The Congress led UPA announced massive bank loan waivers last year, but the impact of that announcement has been limited – most farmers borrow from money lenders – said Chatap.

“The loan waiver plan showed a complete lack of understanding of how farmers borrow in rural India. Perhaps, it is only a common farmer, not an “agriculturist,” who can understand our plight,” said Chatap, taking a dig at the occupation several city-based politicians cite on nomination forms to suggest links with rural India.

But Chatap isn’t alone in taking on the might of the major political parties in Maharashtra.
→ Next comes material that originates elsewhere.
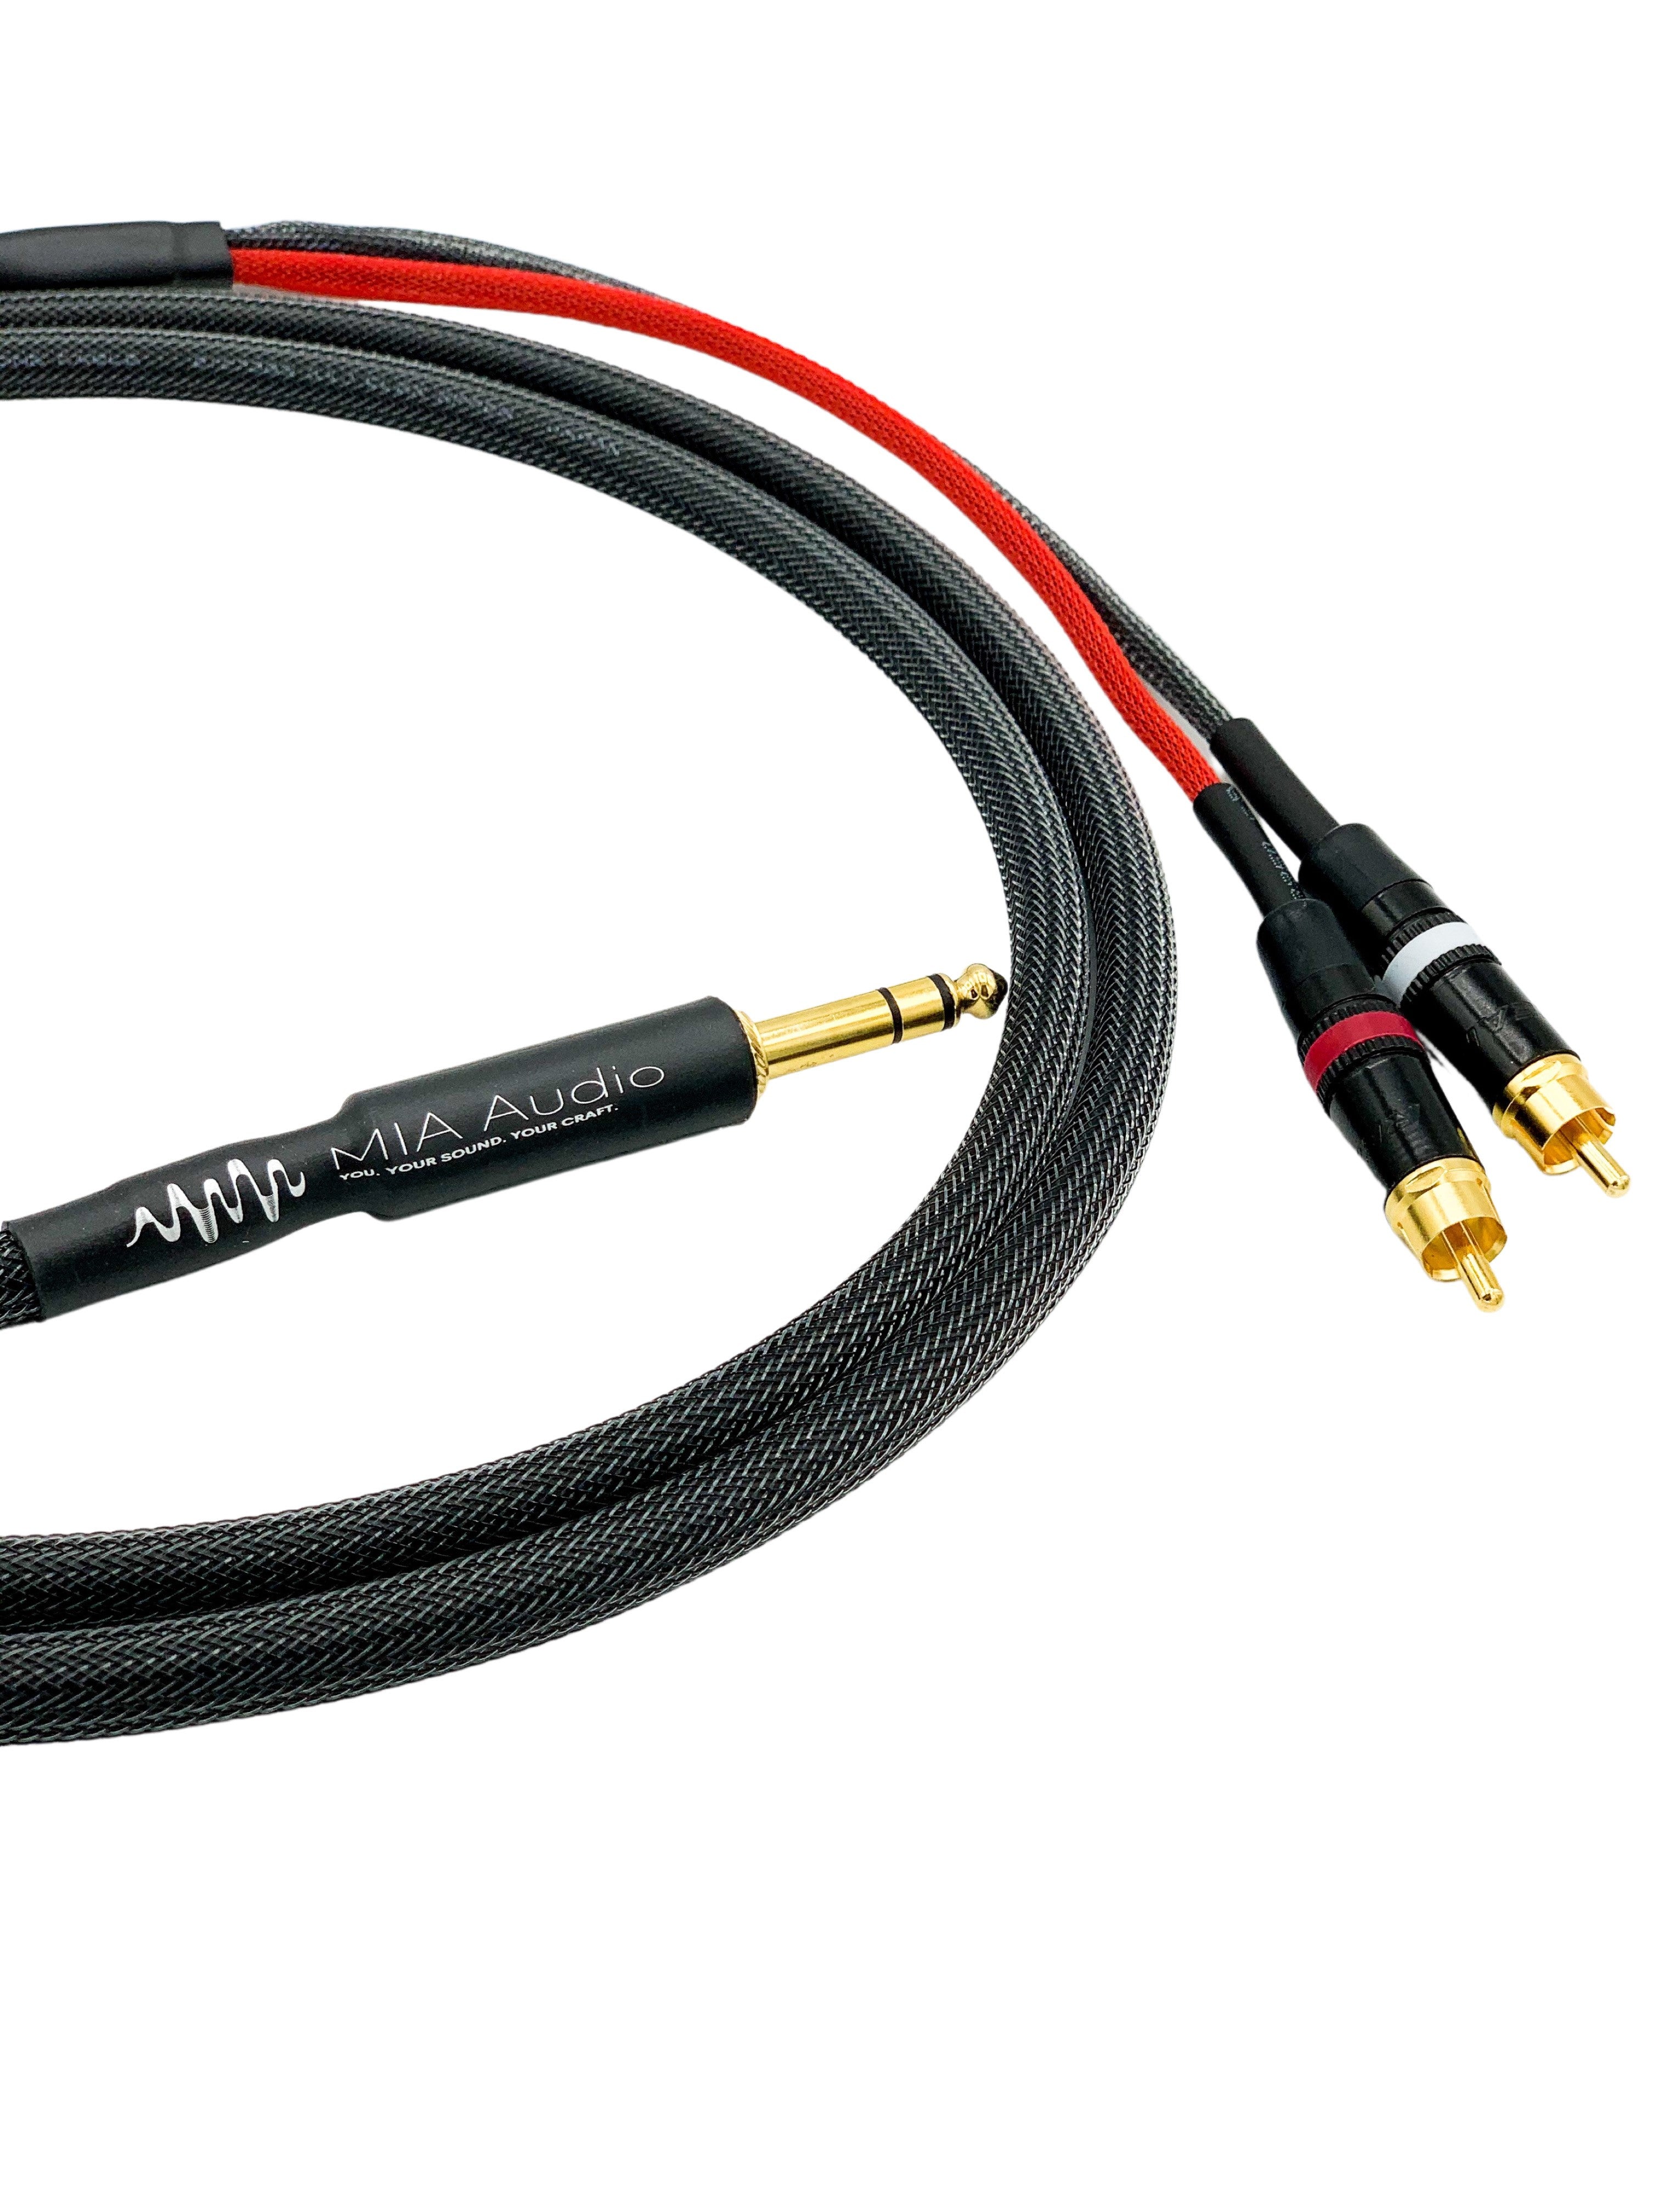 MIDI Cable – MIA Audio

He is merely a symbol of a larger sentiment of disgust with major political parties and their candidates silently finding expression in ordinary candidates contesting without either money or muscle to support them.

In the elite Mumbai South constituency where sitting Congress MP Milind Deora is battling suave corporate executive Meera Sanyal, a textile worker is quietly campaigning door to door for a broader definition of terrorism.
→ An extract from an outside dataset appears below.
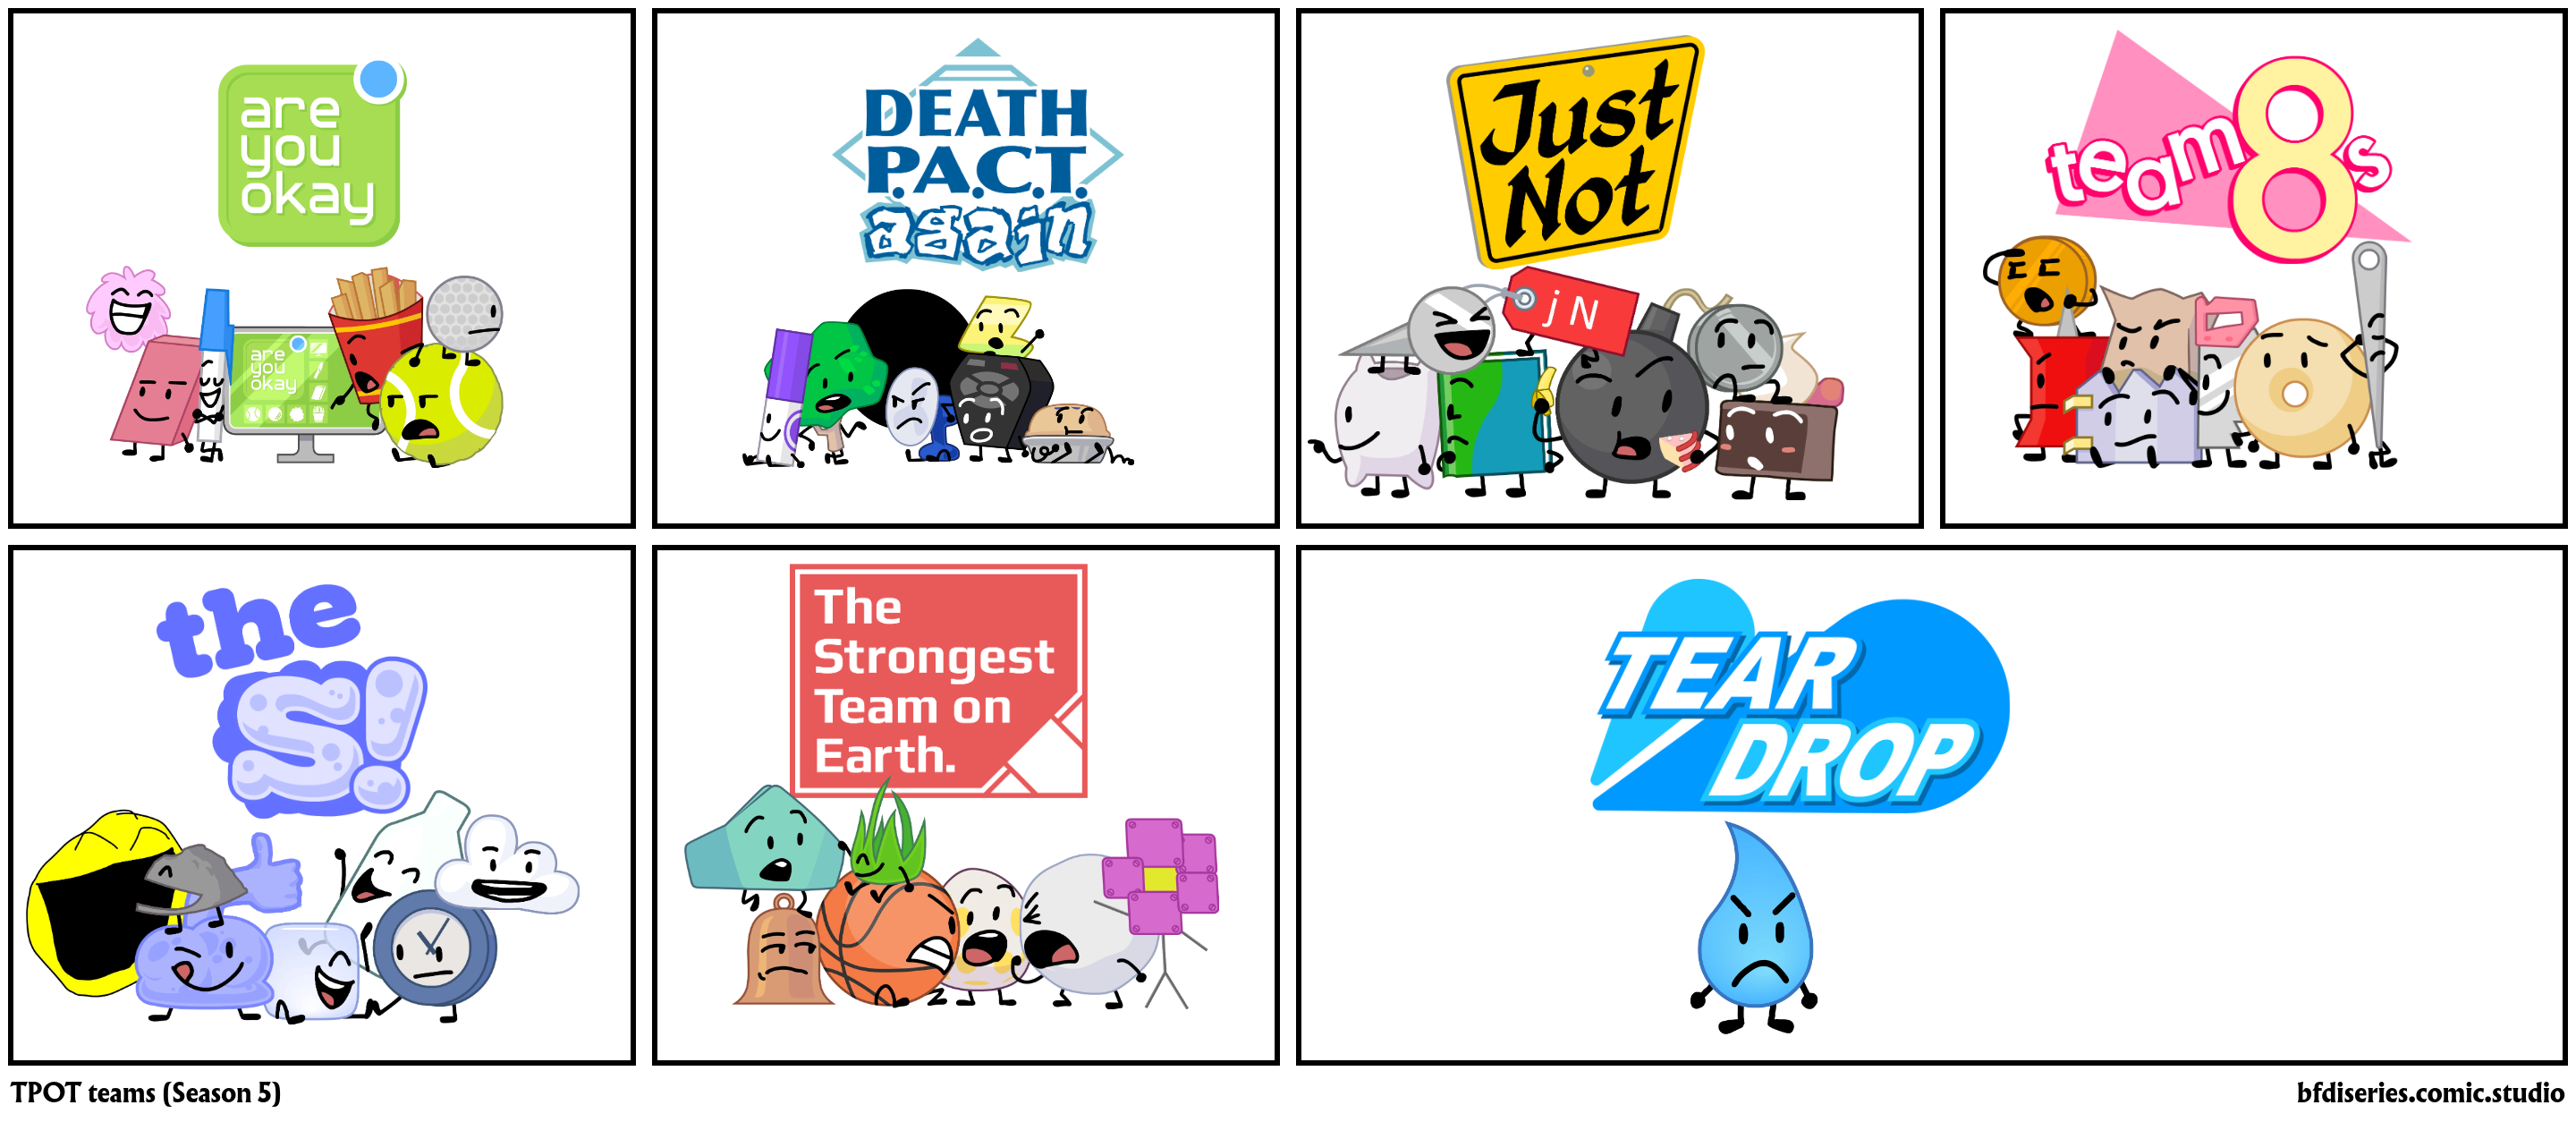 TPOT teams (Season 5)

Brought up single-handed by a vegetable vendor mother, Suryakanth Shinge joined the garment industry as a worker in 1993 and worked with unorganised workers in conditions he describes as “inhuman.”

When workers asked for better conditions, the trade unions they turned to, run by major political parties, betrayed them. So Suryakanth and his fellow workers started their own sangathan (organisation) to battle for the rights of unorganised sector workers in South Mumbai.
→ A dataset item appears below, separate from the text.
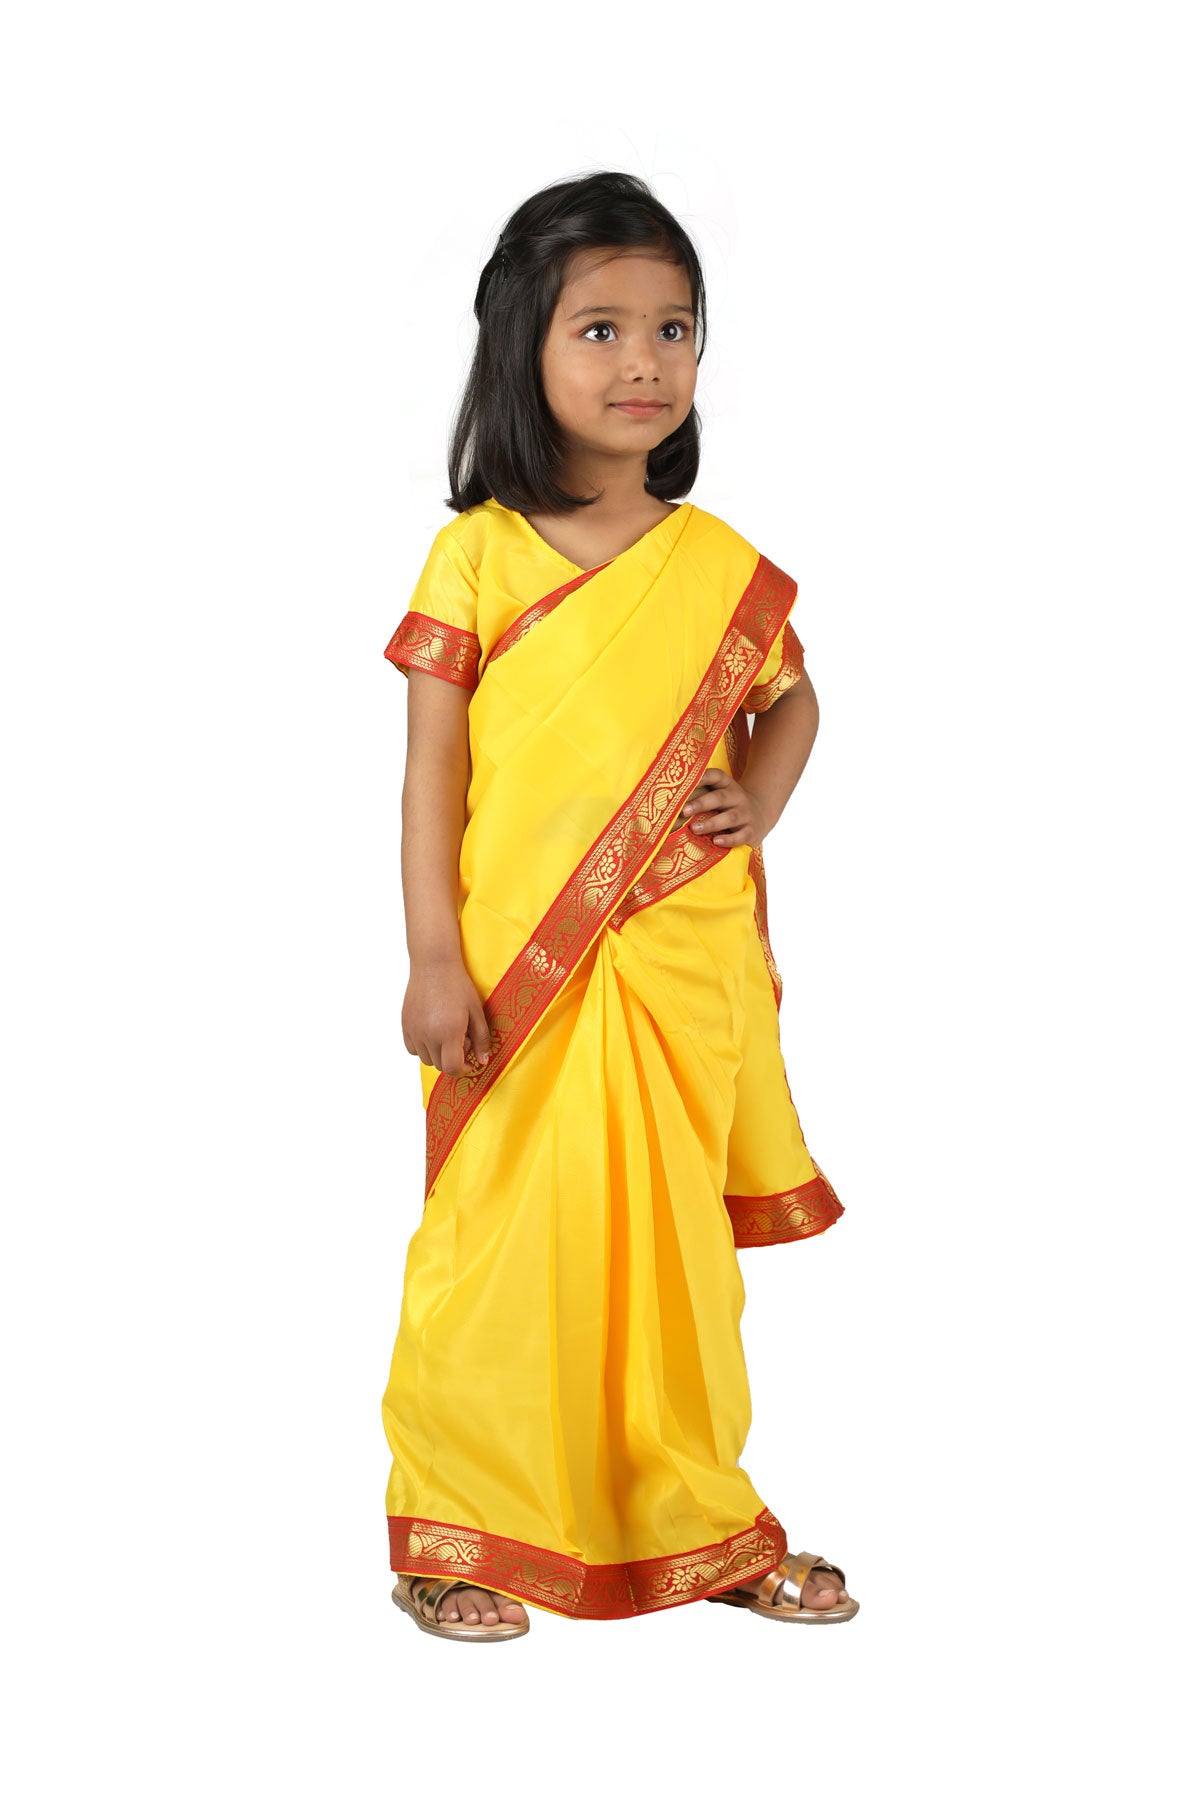 Buy Rent Meera Bai Krishna Girls Fancy Dress Costume Online in India

“Is terrorism only what we saw in Mumbai on November 26 last year,” asked the Independent candidate fighting on a torch symbol.

“What about the policies that drive farmers to suicide, that aid exploitation of unorganised workers. Children suffer malnutrition because their father has been thrown out by a mill for protesting exploitation, or mother retrenched. Are these children not victims of terror.” The 41-year old candidate, supported by civil society groups like the Lok Raj Sangathan, lives in a chawl on Mumbai’s Ambedkar Sadan Currey Road, and has signed an affidavit allowing voters to recall him for non-performance.

“There is a need to renew the democratic process. Today, ordinary people are reduced merely to voting machines who are asked to choose a “lesser evil” once every five years, from among candidates who don’t represent them,” Suryakanth said.

Around 200 km east of Mumbai, 38-year old Maruti Bhapkar is waiting for the day he can wear slippers again.

This activist decided five years back that he would walk barefoot, even in the singing mid summer heat, till he manages to bring a “substantive” change in the lives of deprived farmers, workers and malnourished children.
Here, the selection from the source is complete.